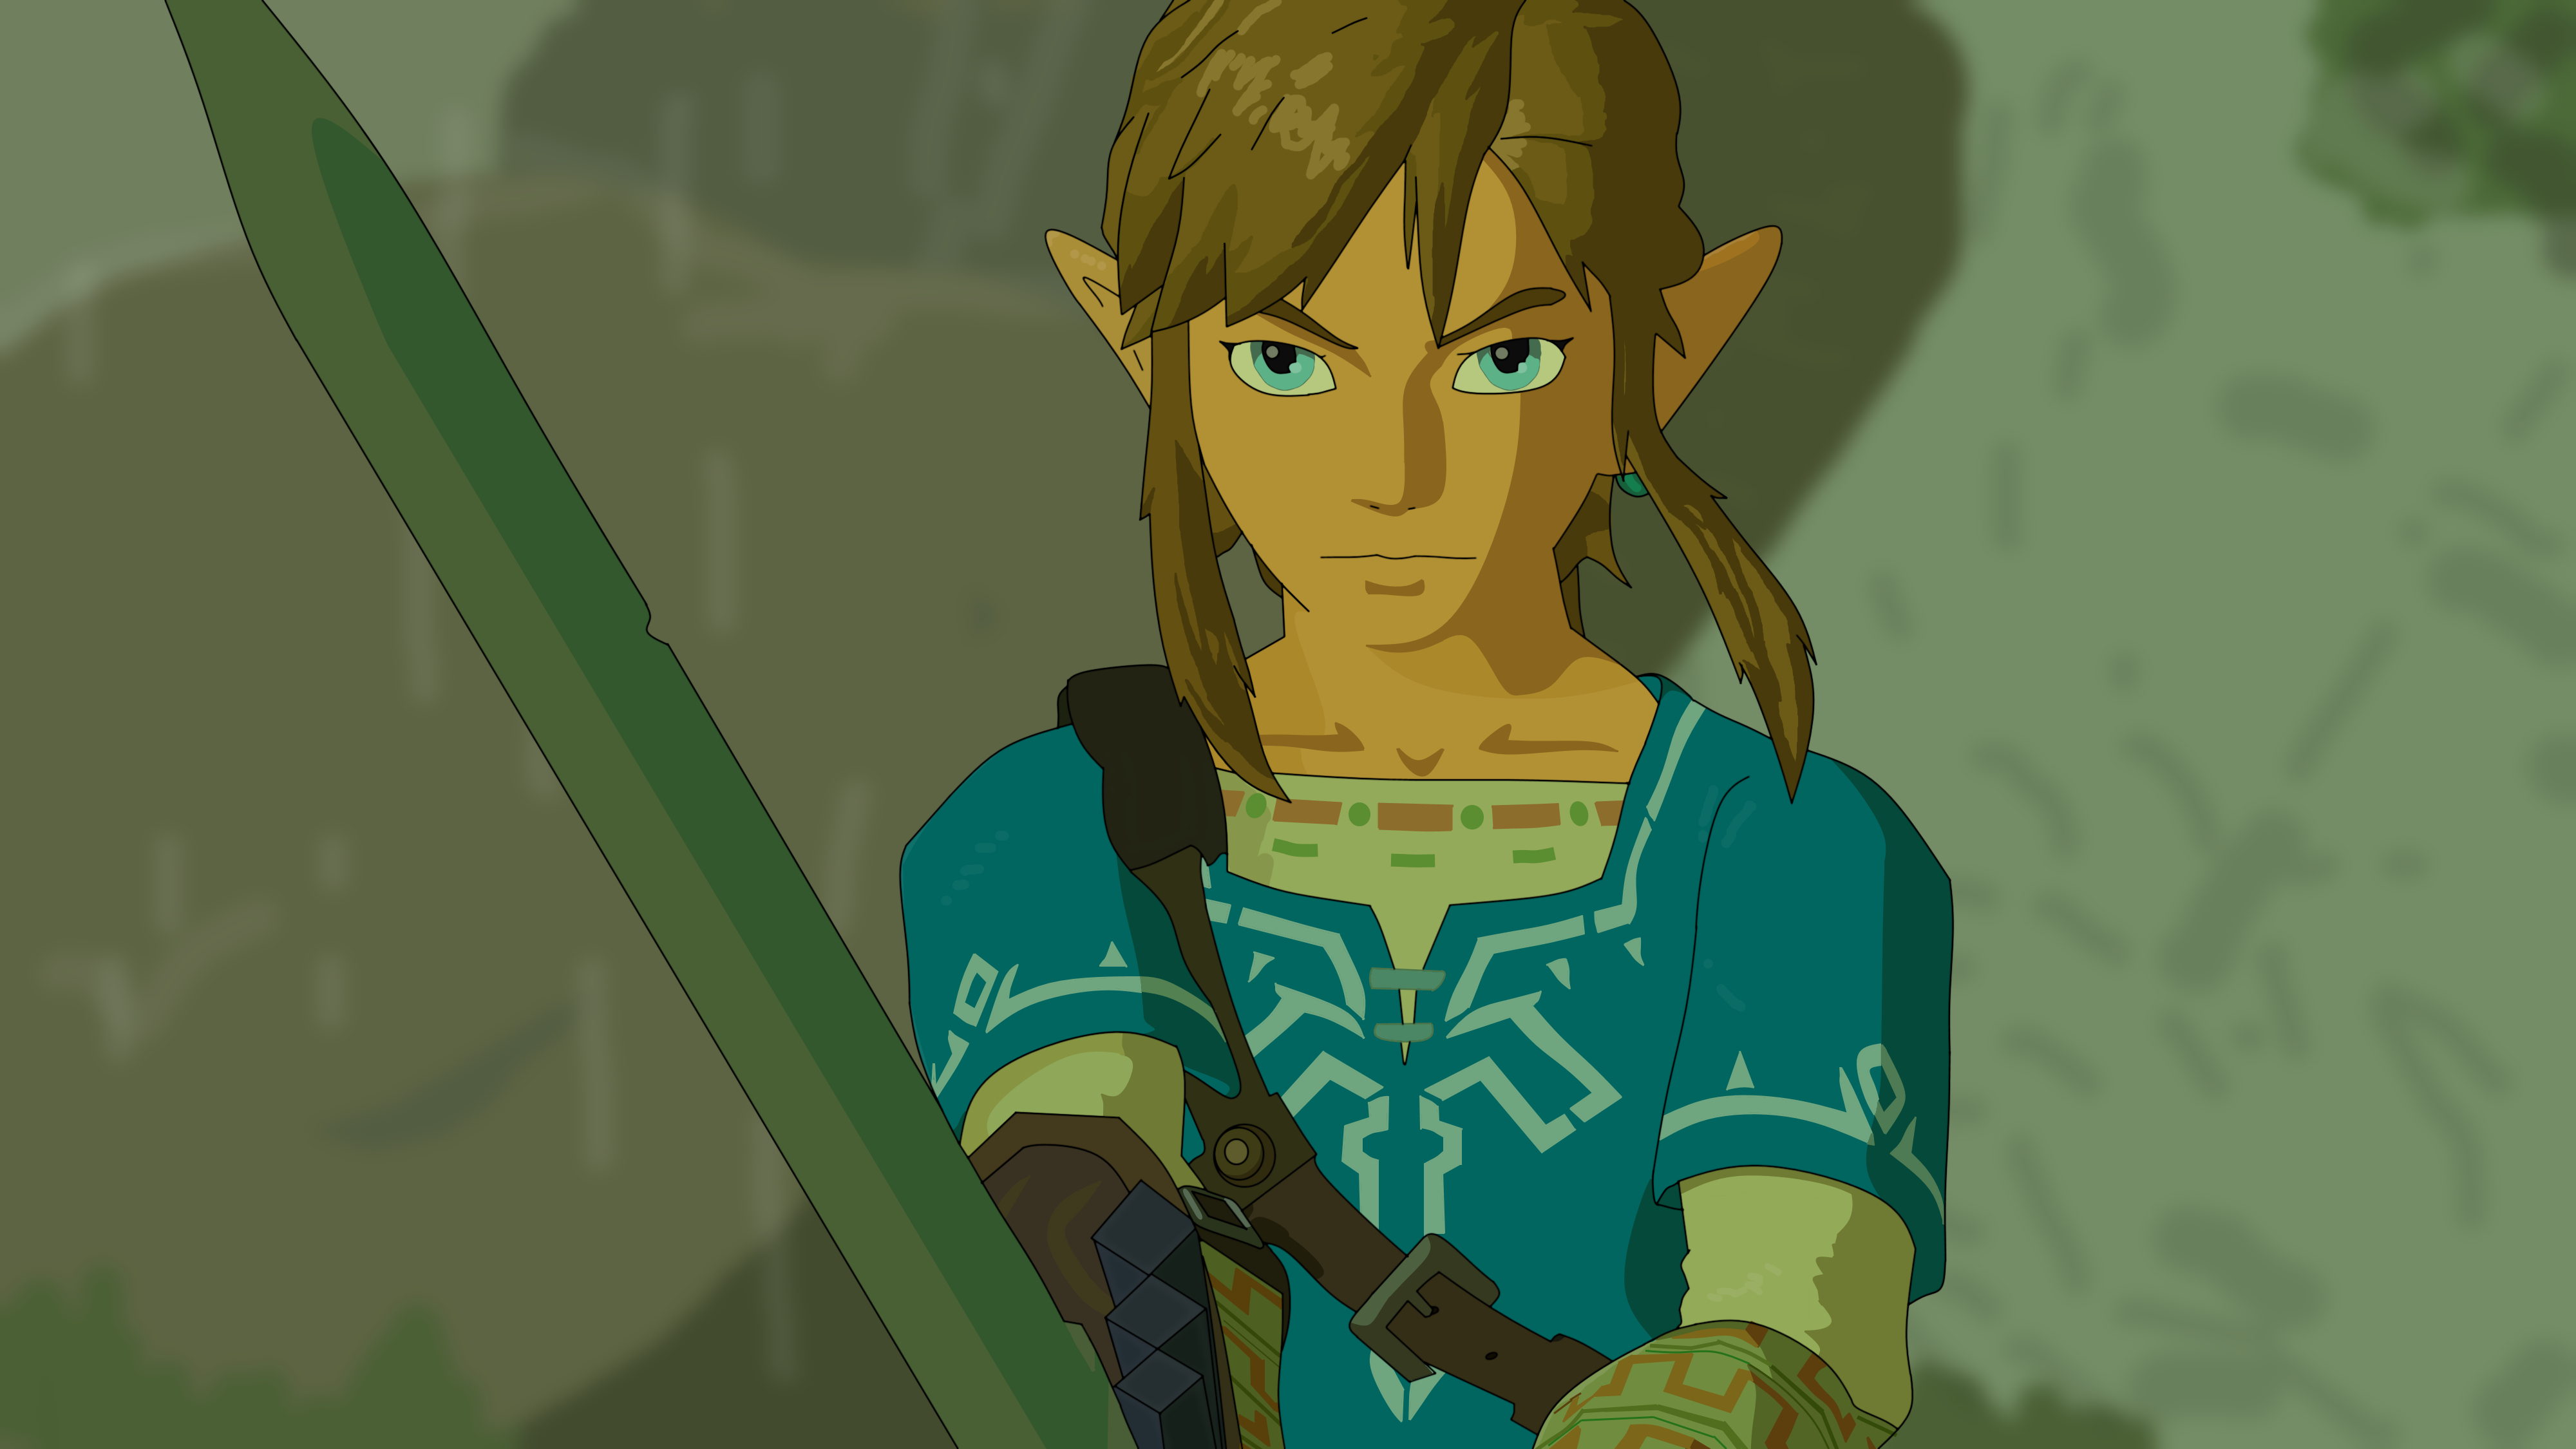 Zelda Breath Of The Wild Link Render By Dakotaatokad On Deviantart
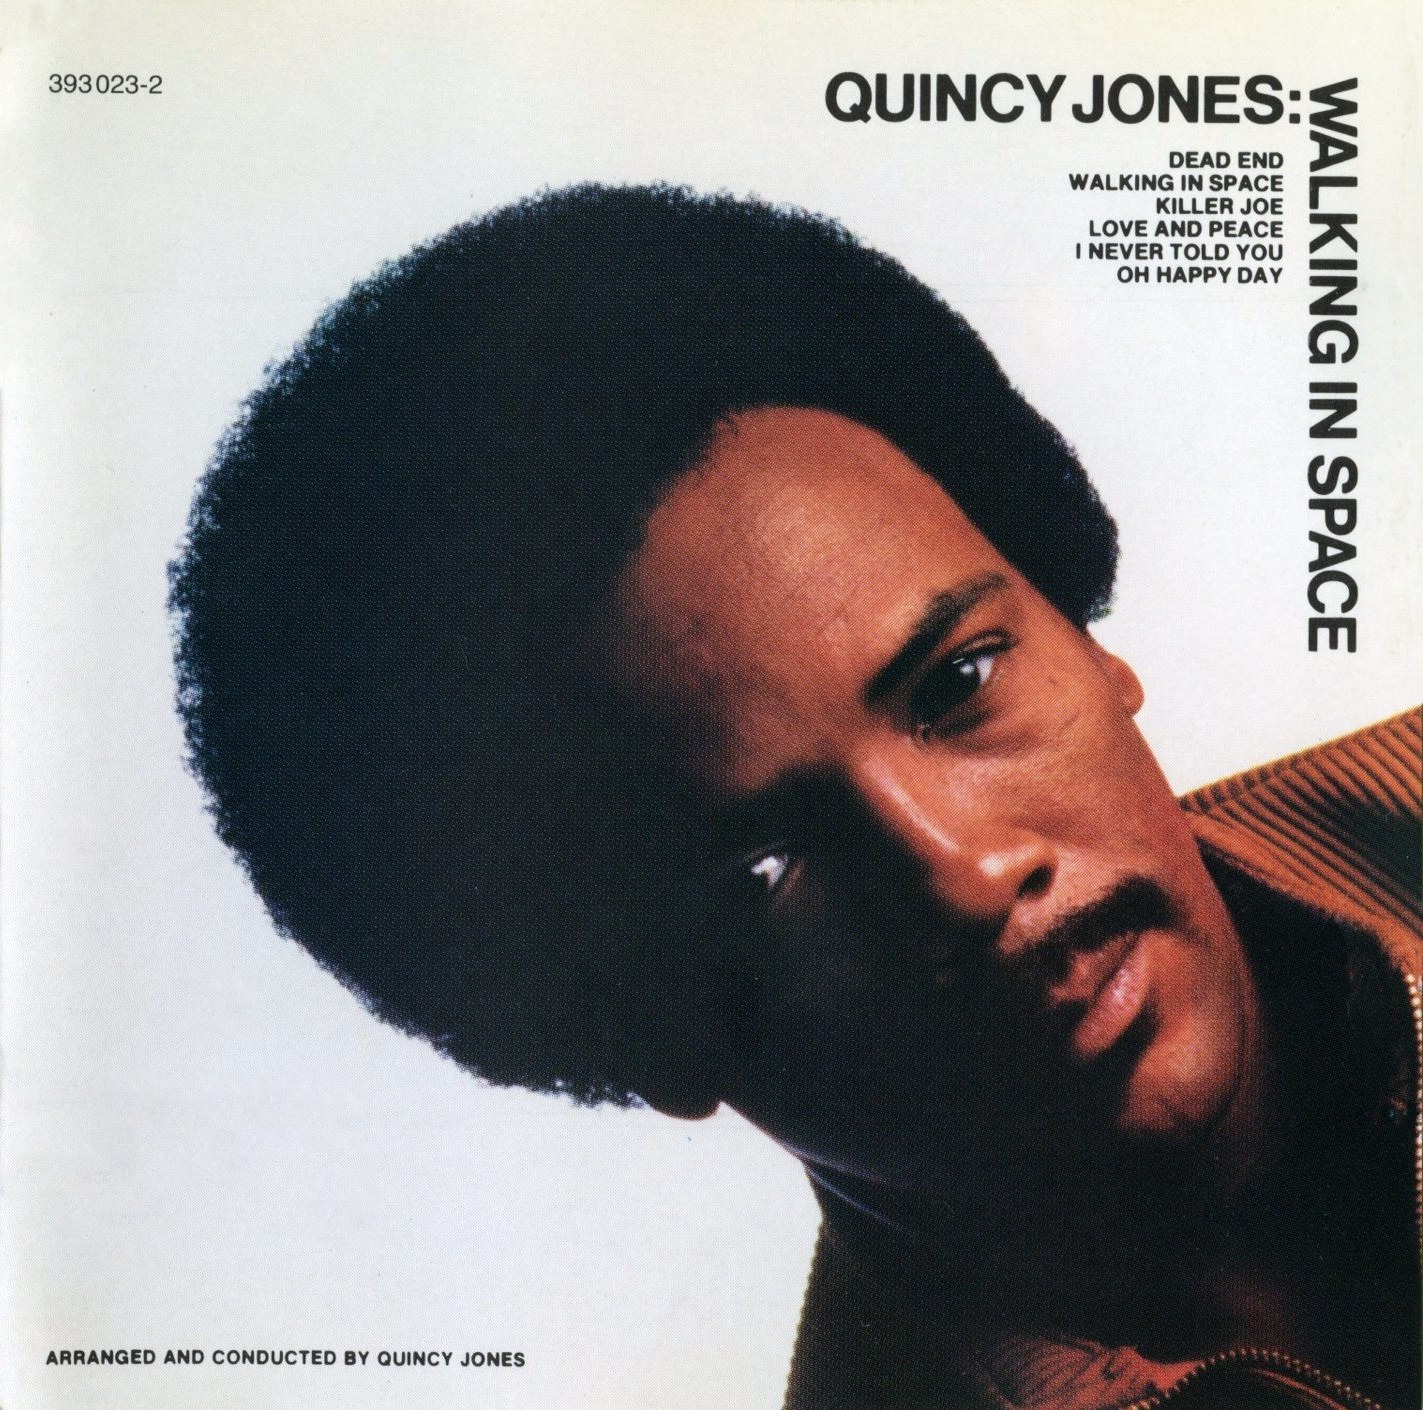 Quincy Jones - Walking in space (1969)
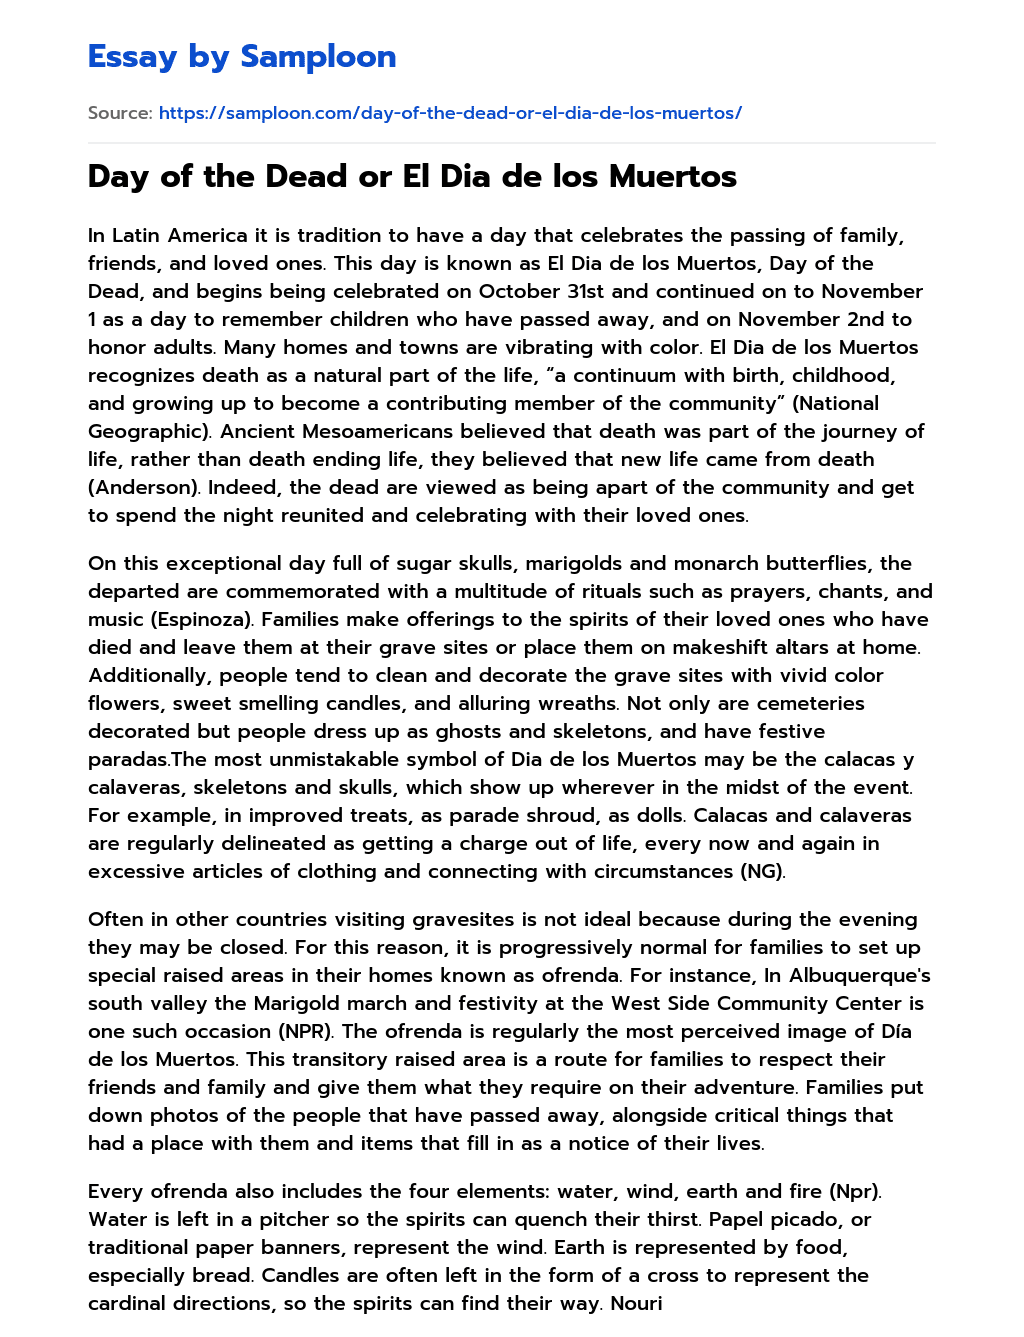 Day of the Dead or El Dia de los Muertos essay

--

● **EXERCISE REQUIREMENTS**
The data above needs to be retyped exactly, with the images left out.

● **SOLUTION FOR THIS TASK**
 Zelda Breath Of The Wild Link Render By Dakotaatokad On Deviantart
 Quincy Jones - Walking in space (1969)
 Day of the Dead or El Dia de los Muertos essay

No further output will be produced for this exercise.